Top of STUDY MATERIAL
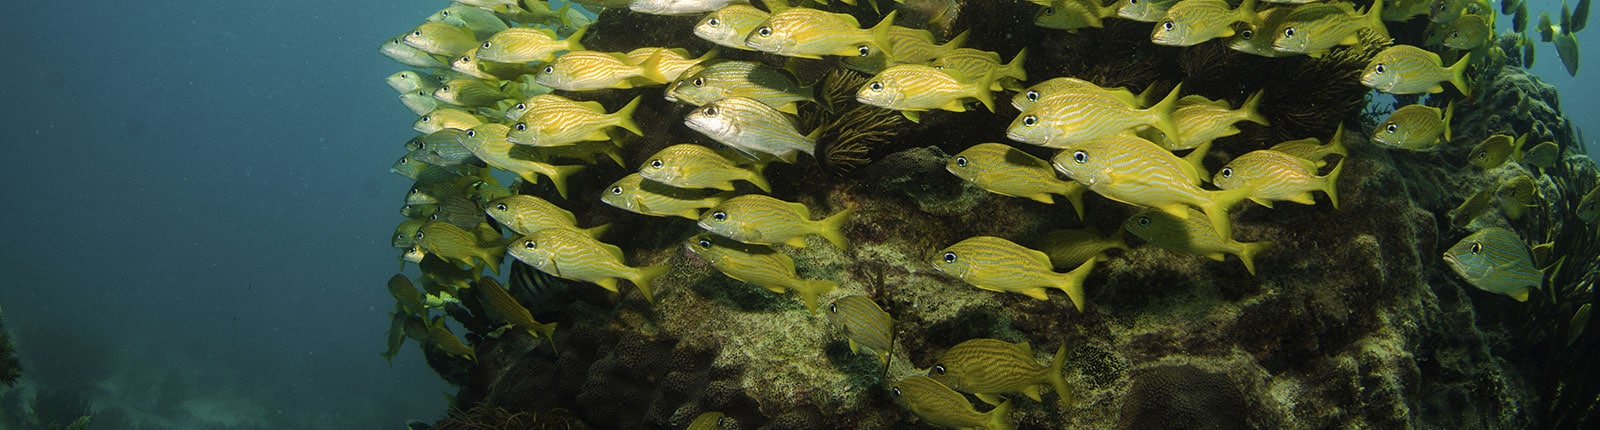 A school of yellow fish along a reef in Bonaire
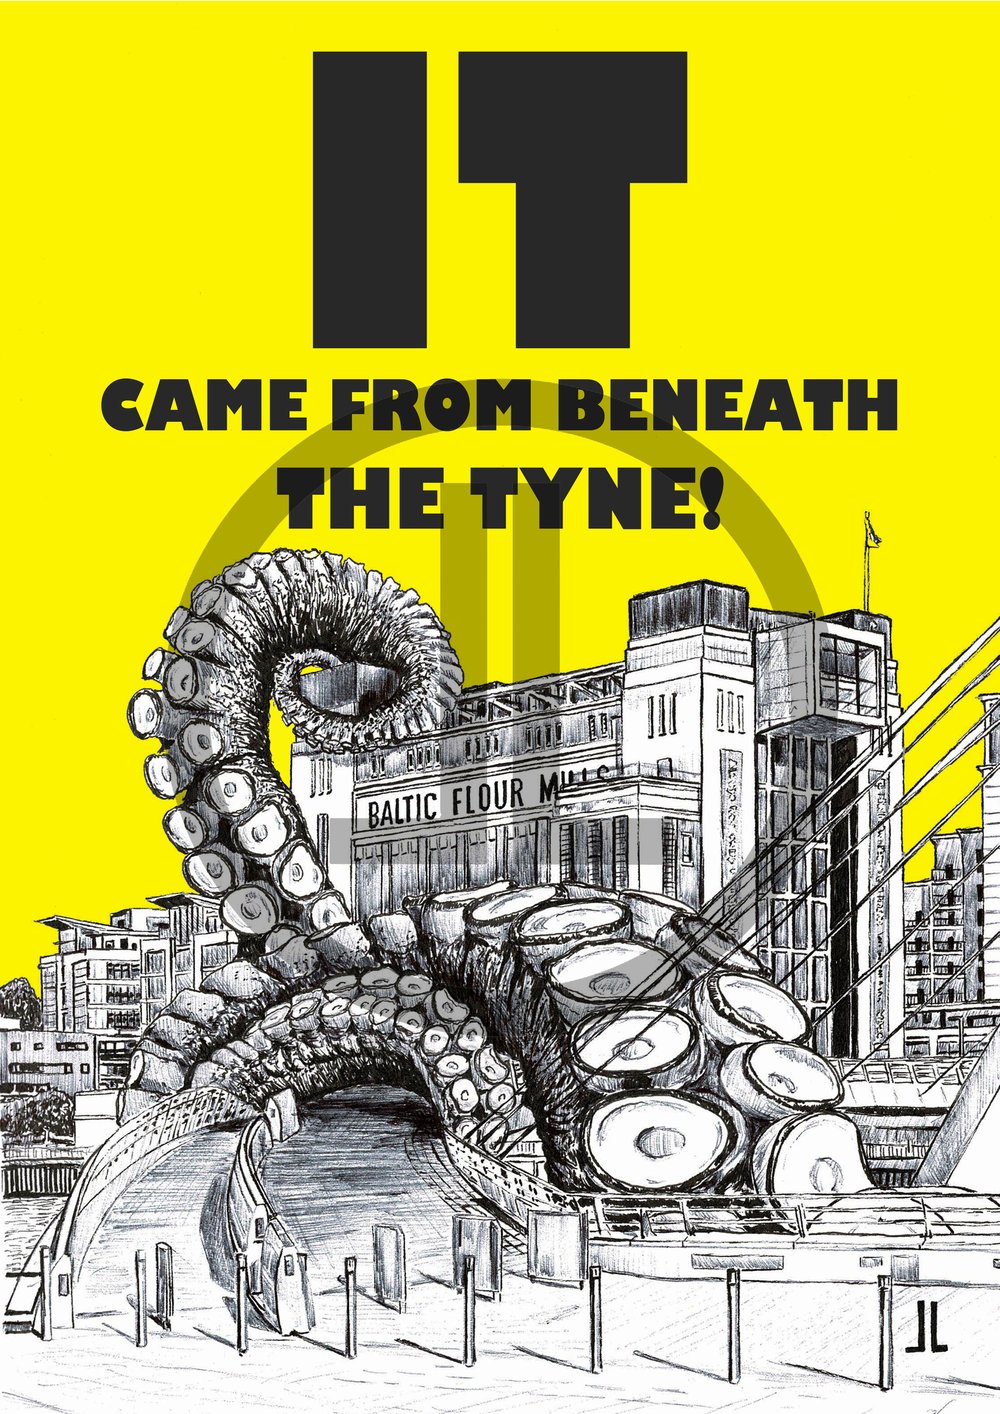 'IT Came From Beneath the Tyne!' - Newcastle 
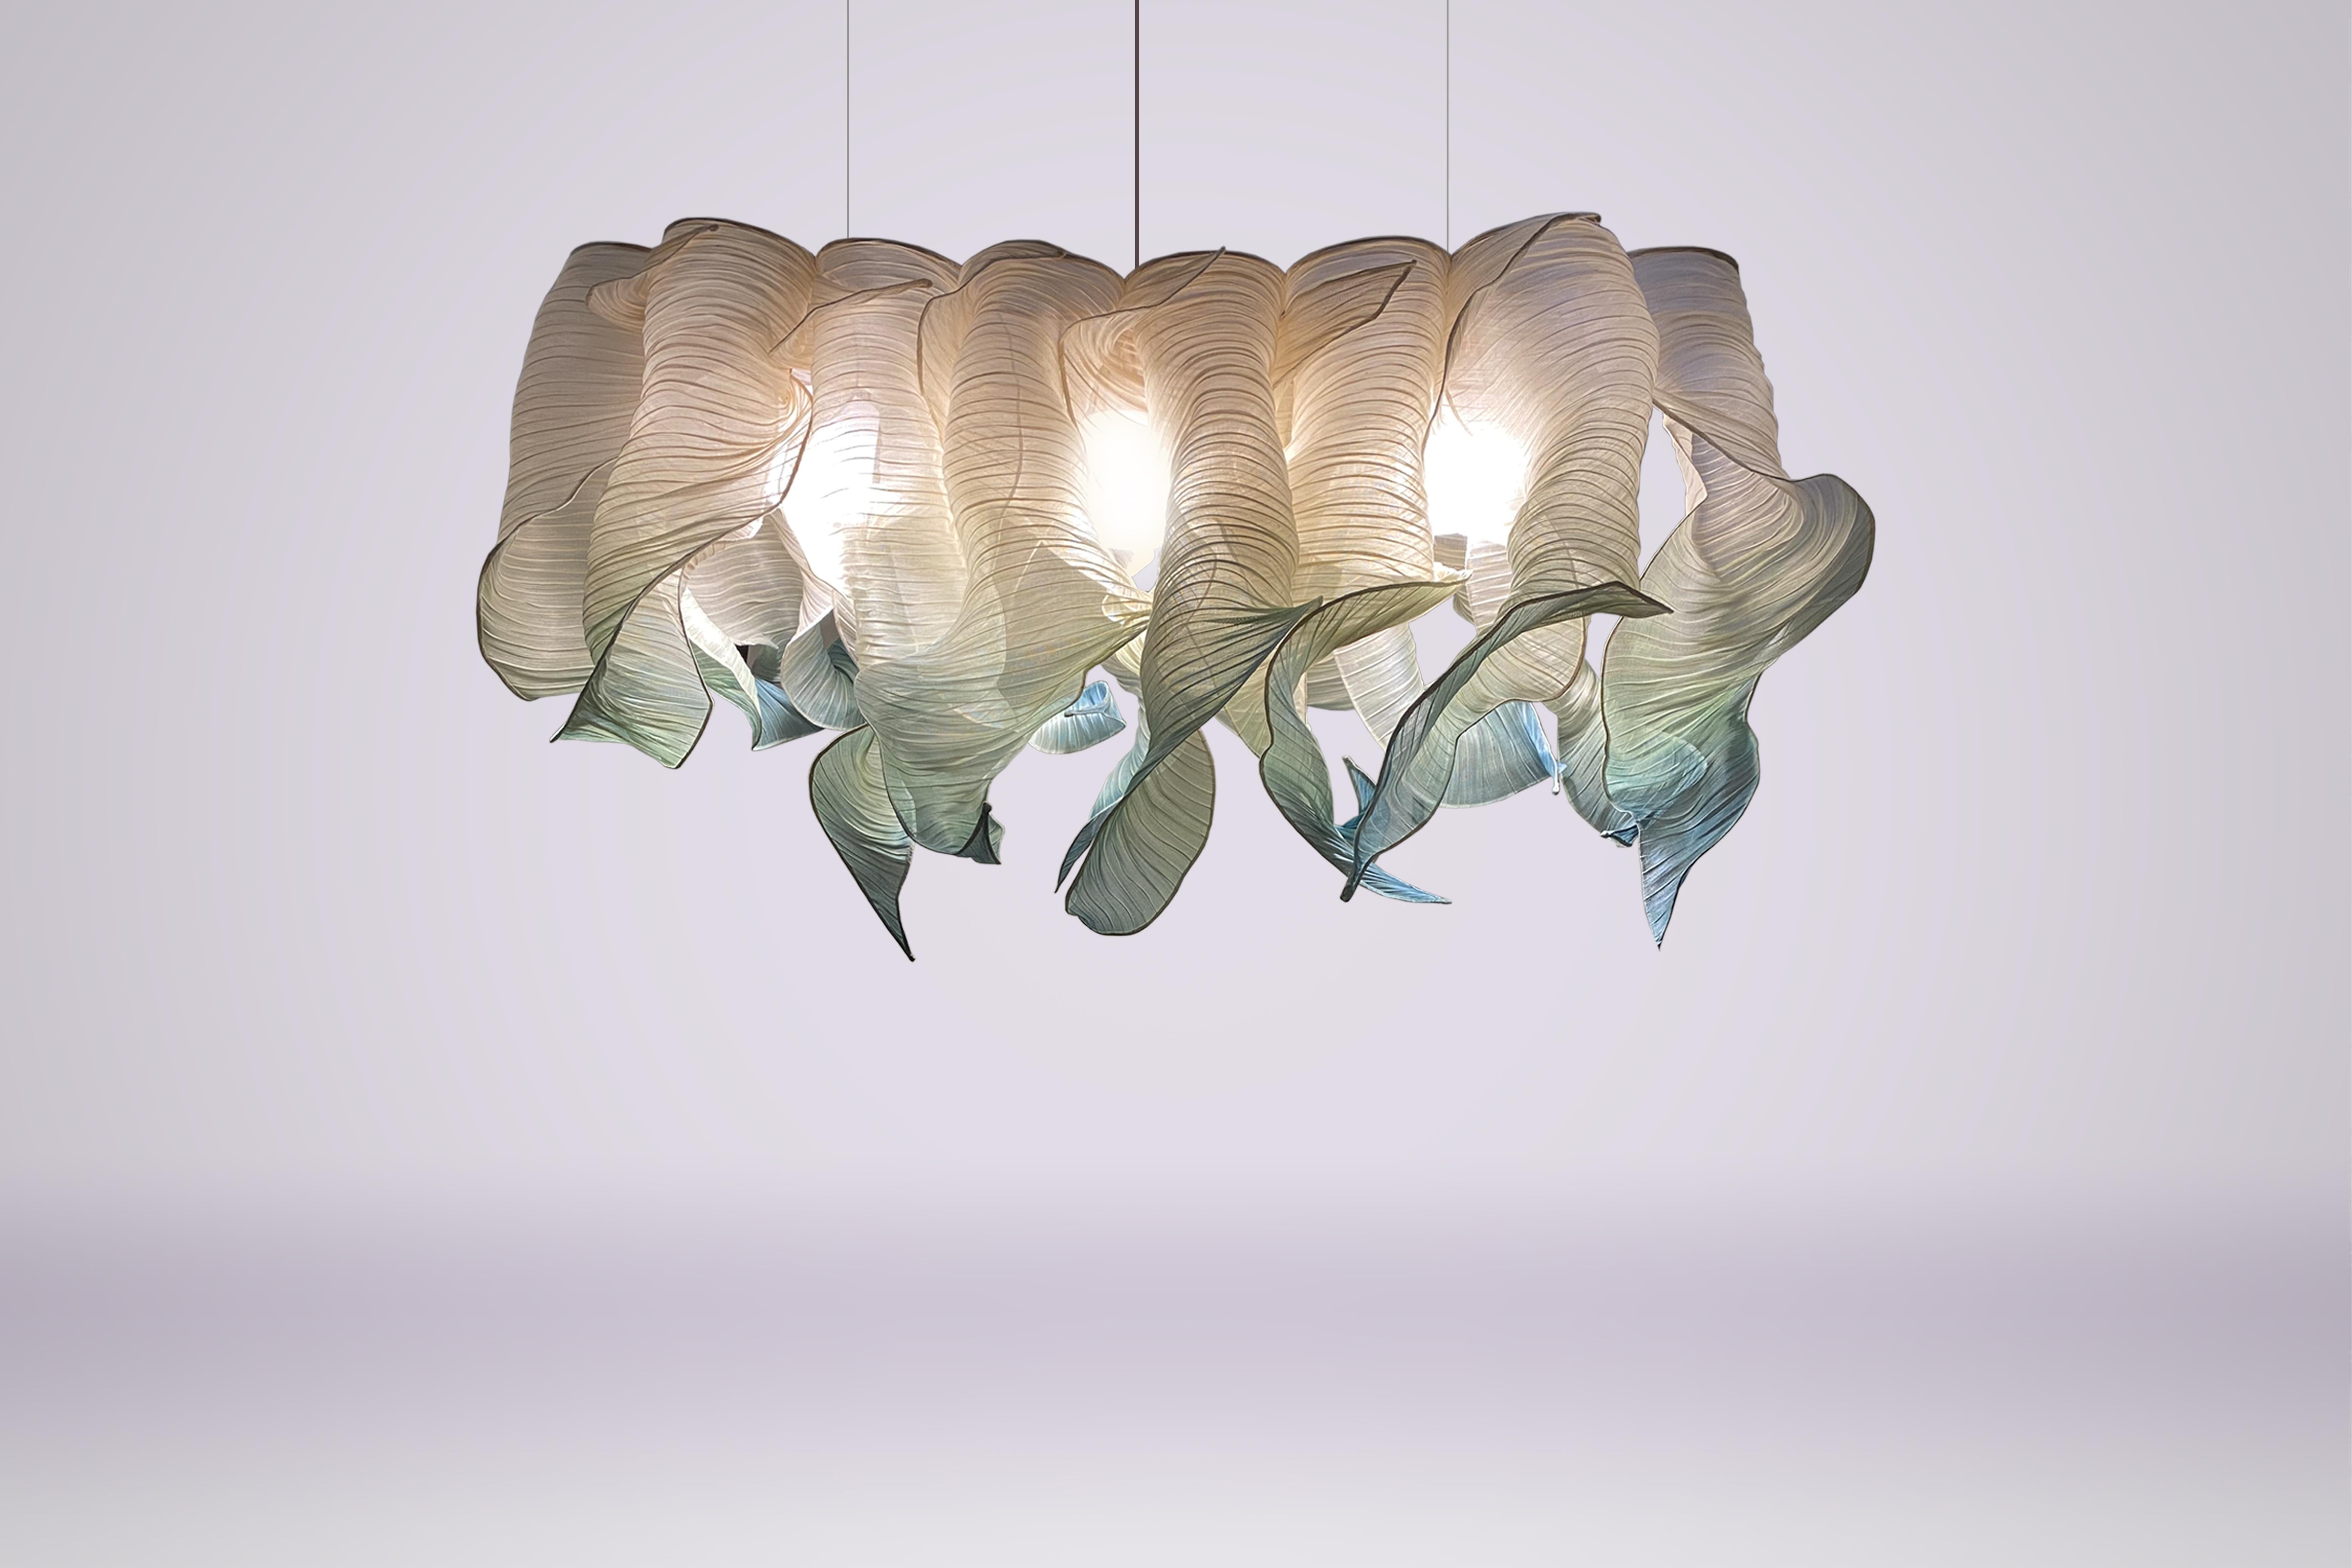 Seafoam Nebula Grande hand-painted pendant lamp by Mirei Monticelli
Dimensions: D 150 x W 50 x H 60 cm
Materials: Banaca fabric
Available in other colors.

Spiral clouds of Nebula are individually hand-painted in seafoam green to evoke memories
Bottom of STUDY MATERIAL
Copy out exactly the lines that run from the one holding "Dimensions: D 150 x W 50 x H 60 cm" through the end of the data above.

Dimensions: D 150 x W 50 x H 60 cm
Materials: Banaca fabric
Available in other colors.

Spiral clouds of Nebula are individually hand-painted in seafoam green to evoke memories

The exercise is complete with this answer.